Despite these for-sale inventory drops, the increasing supply of vacant units held off the market is a "potential drag on the housing recovery," researchers said. They estimated there are now more than 1.2 million such units.
"When these units come on the market, they could exert even more downward pressure on home prices," the report said.
"For now, though, the decline in vacant units for sale is helping to put a bottom under prices, while the decline in vacant units for rent has begun to spark rent increases in many markets."
Citing nearly-flat year-over-year home price figures from CoreLogic in March, researchers said, "While too soon to tell with confidence, the worst may be over."
Nevertheless, researchers stressed that overly restrictive credit standards are preventing many would-be homebuyers from benefiting from historical affordability and record-low mortgage interest rates. Citing results from the Federal Reserve’s survey of senior loan officers, researchers noted that banks "have tightened underwriting standards every quarter from late 2006 through mid-2010, with very little easing since then."

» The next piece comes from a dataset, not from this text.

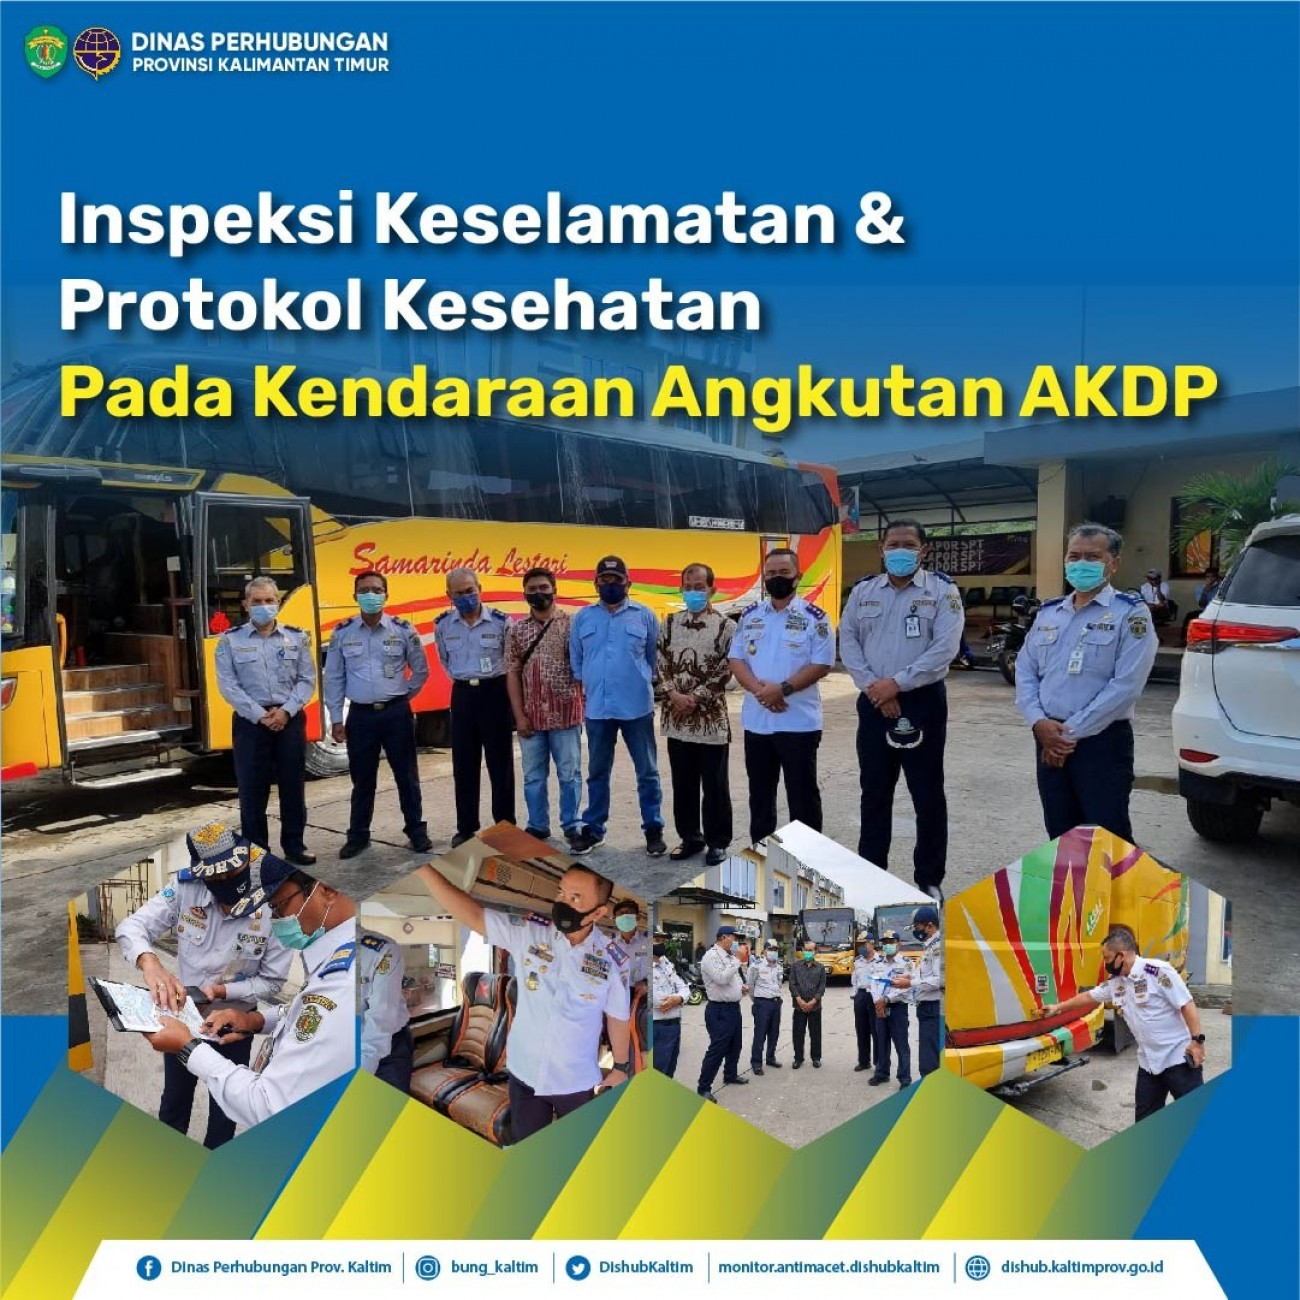 Inspeksi Keselamatan & Protokol Kesehatan Pada Kendaraan Angkutan AKDP

While the overall denial rate for conventional home purchase loan applications rose from 15 percent to 17 percent between 2004 and 2010, that increase does not reflect varying denial rates by type of borrower, researchers said.
"In fact, loan application denial rates for Hispanics were up eight percentage points (from 19 percent to 27 percent) over this period, while those for blacks jumped 15 percentage points (from 23 percent to 38 percent)," the report said.

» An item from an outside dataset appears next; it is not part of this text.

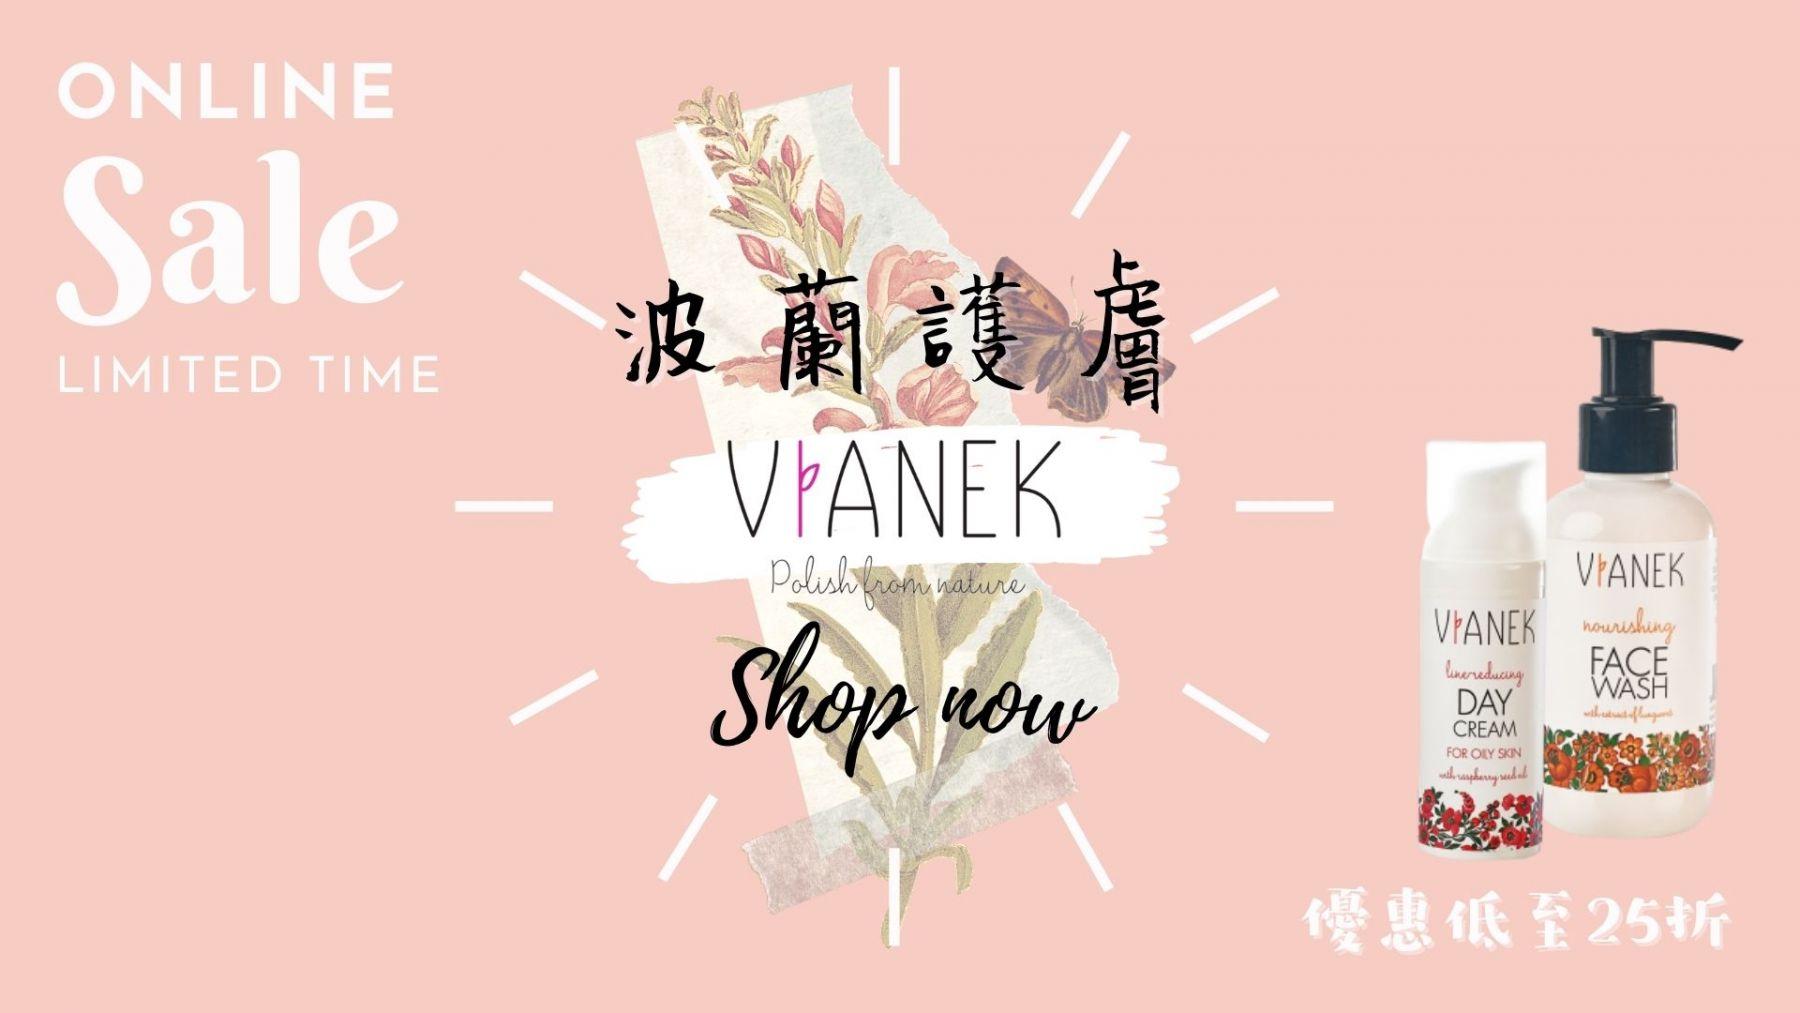 Vianek Promotion

"In contrast, rates for white borrowers climbed just three percentage points (from 12 percent to 15 percent). The small increase in the overall denial rate reflects the fact that whites made up 52 percent of applicants in 2004 but 67 percent in 2010."
Furthermore, many households with tarnished credit may not even apply for mortgages for fear of higher borrowing costs or of not qualifying at all. Citing figures from CoreLogic, researchers noted that home purchase loans to borrowers with credit scores below 620 had fallen 93 percent between 2008 and 2011 compared to a 30 percent decline to borrowers above that score in that time period.

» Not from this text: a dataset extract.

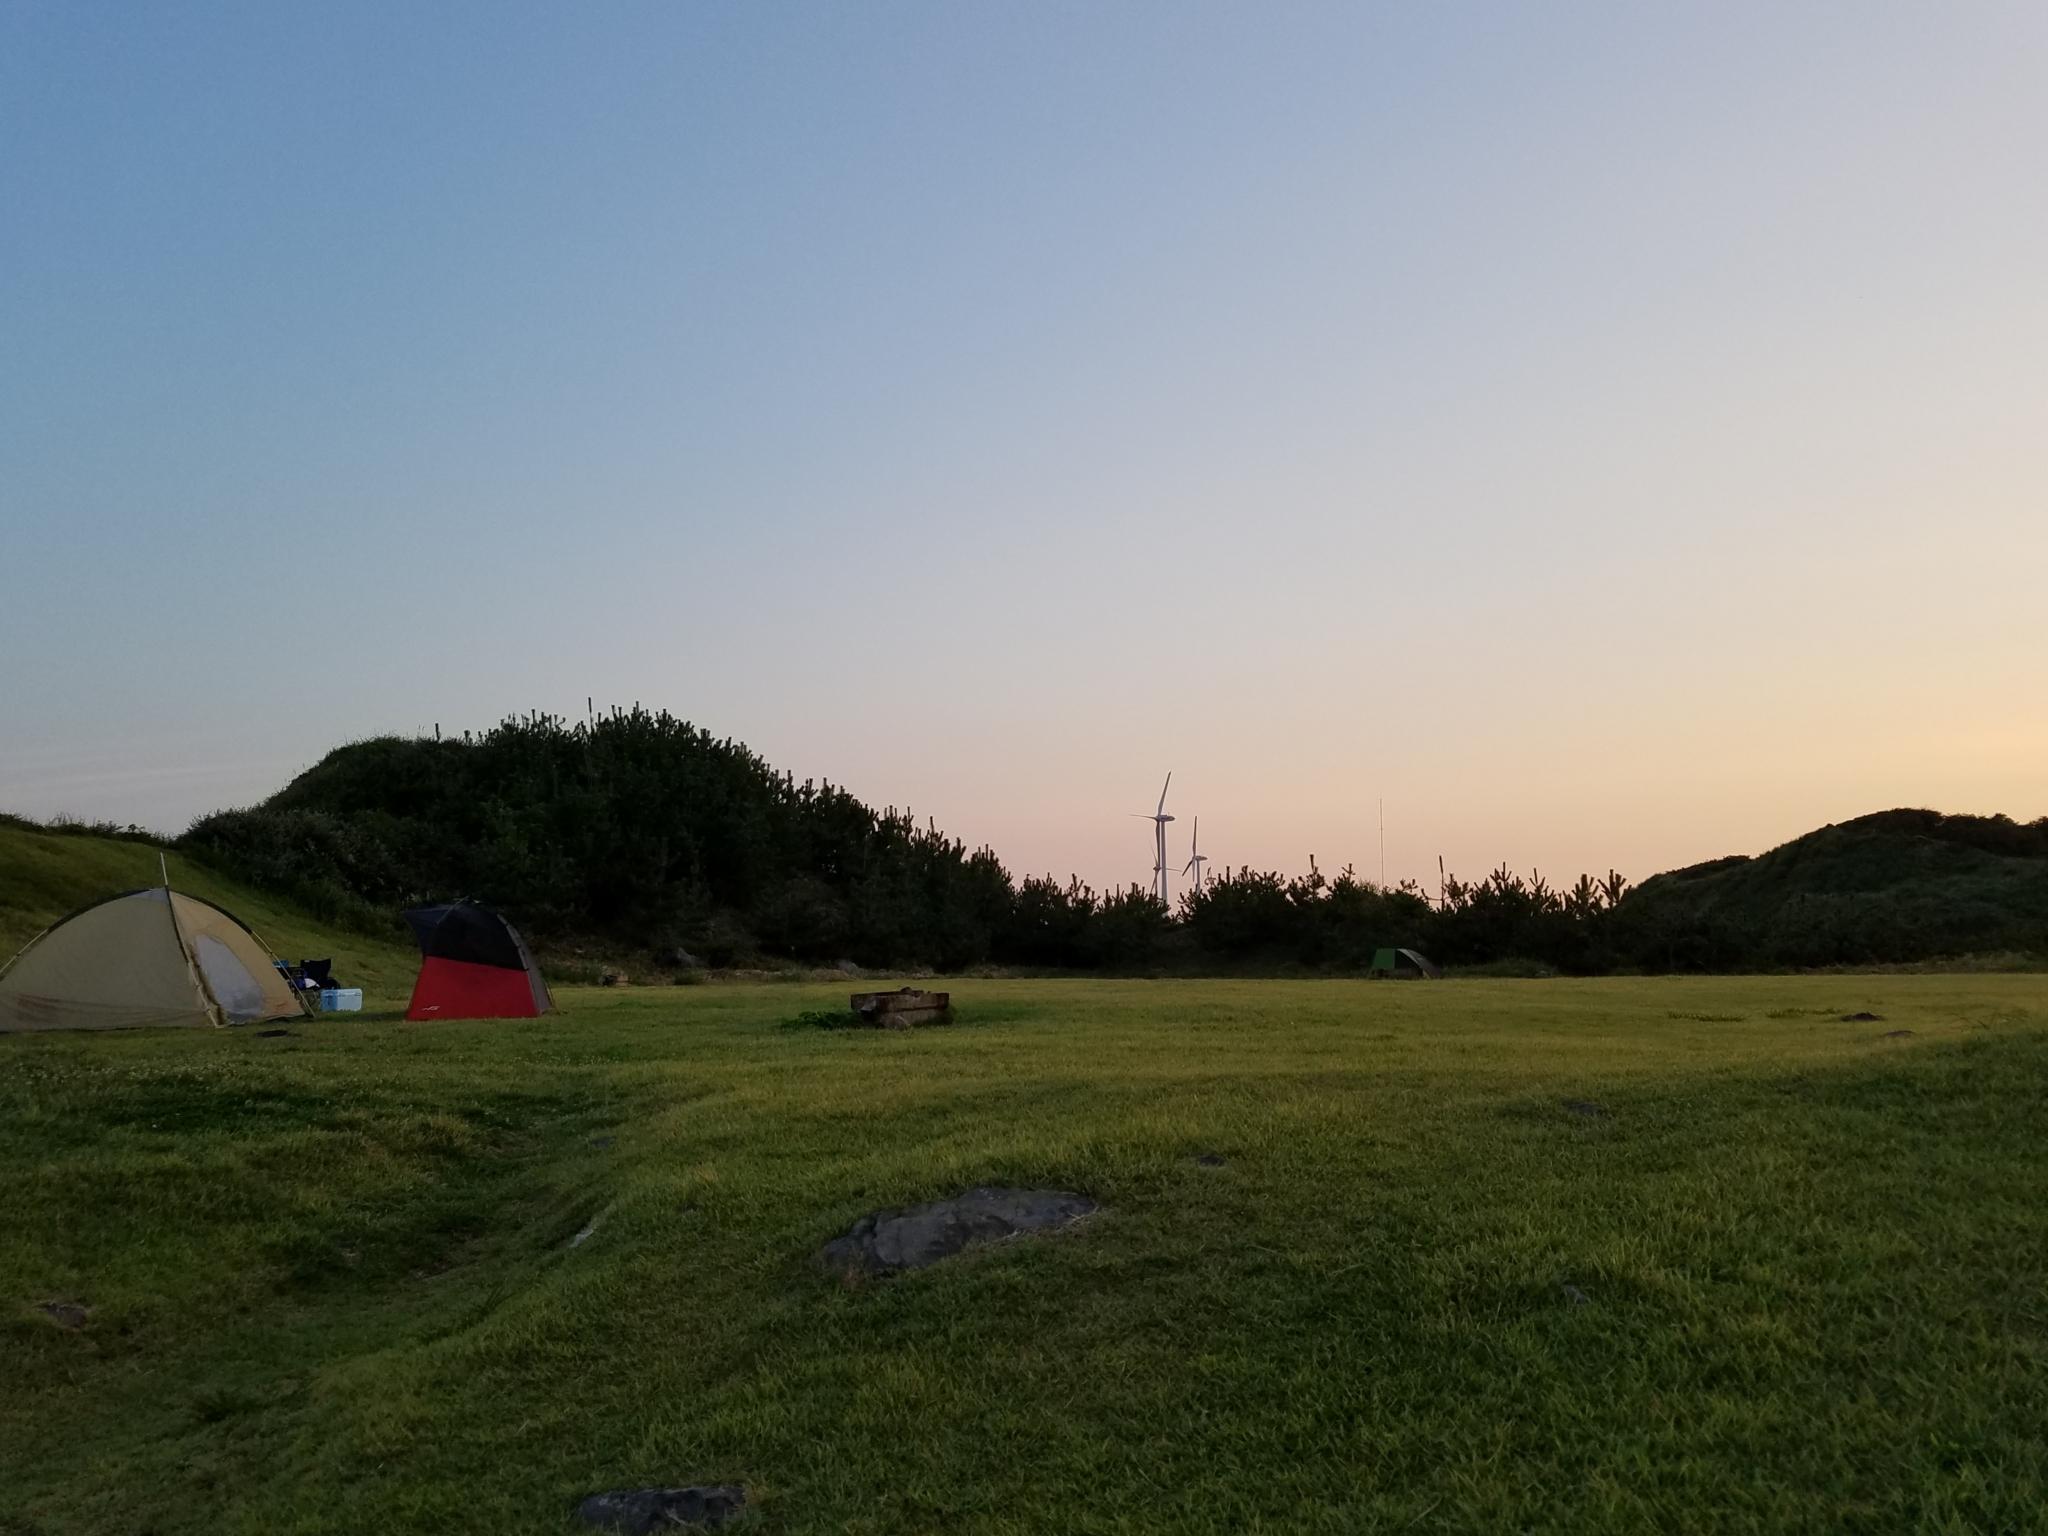 f:id:ToshUeno:20160903052405j:plain

"The availability of mortgage financing for young buyers with limited cash, other debts, and less than stellar credit is far from certain. Since the market meltdown, underwriting has become much more restrictive," the report said.
"So far, (the Federal Housing Administration) and state housing finance agencies have served a vital role in supporting low-down payment loans for homebuyers with all but the lowest credit scores. But even FHA is now raising its premiums to shore up its financial position and to encourage the return of private capital to the market.
"With key mortgage lending regulations still undefined, it remains to be seen to what extent and under what terms lenders will make credit available to lower-income and lower-wealth borrowers."
Lending has also dropped at the neighborhood level, particularly in areas hardest-hit by foreclosures. Citing data from Lender Processing Services (LPS), researchers noted that mortgage lending fell 26 percent in "minimally distressed" neighborhoods between 2004 and 2010, compared to 56 percent in "moderately distressed" neighborhoods, and 74 percent in the "most distressed" neighborhoods.
"The blight in these neighborhoods is likely to linger for years to come. Moreover, without access to credit, many current owners in these communities are unable to fund home improvements or refinance into more affordable mortgages, while potential buyers are locked out of ownership," the report said.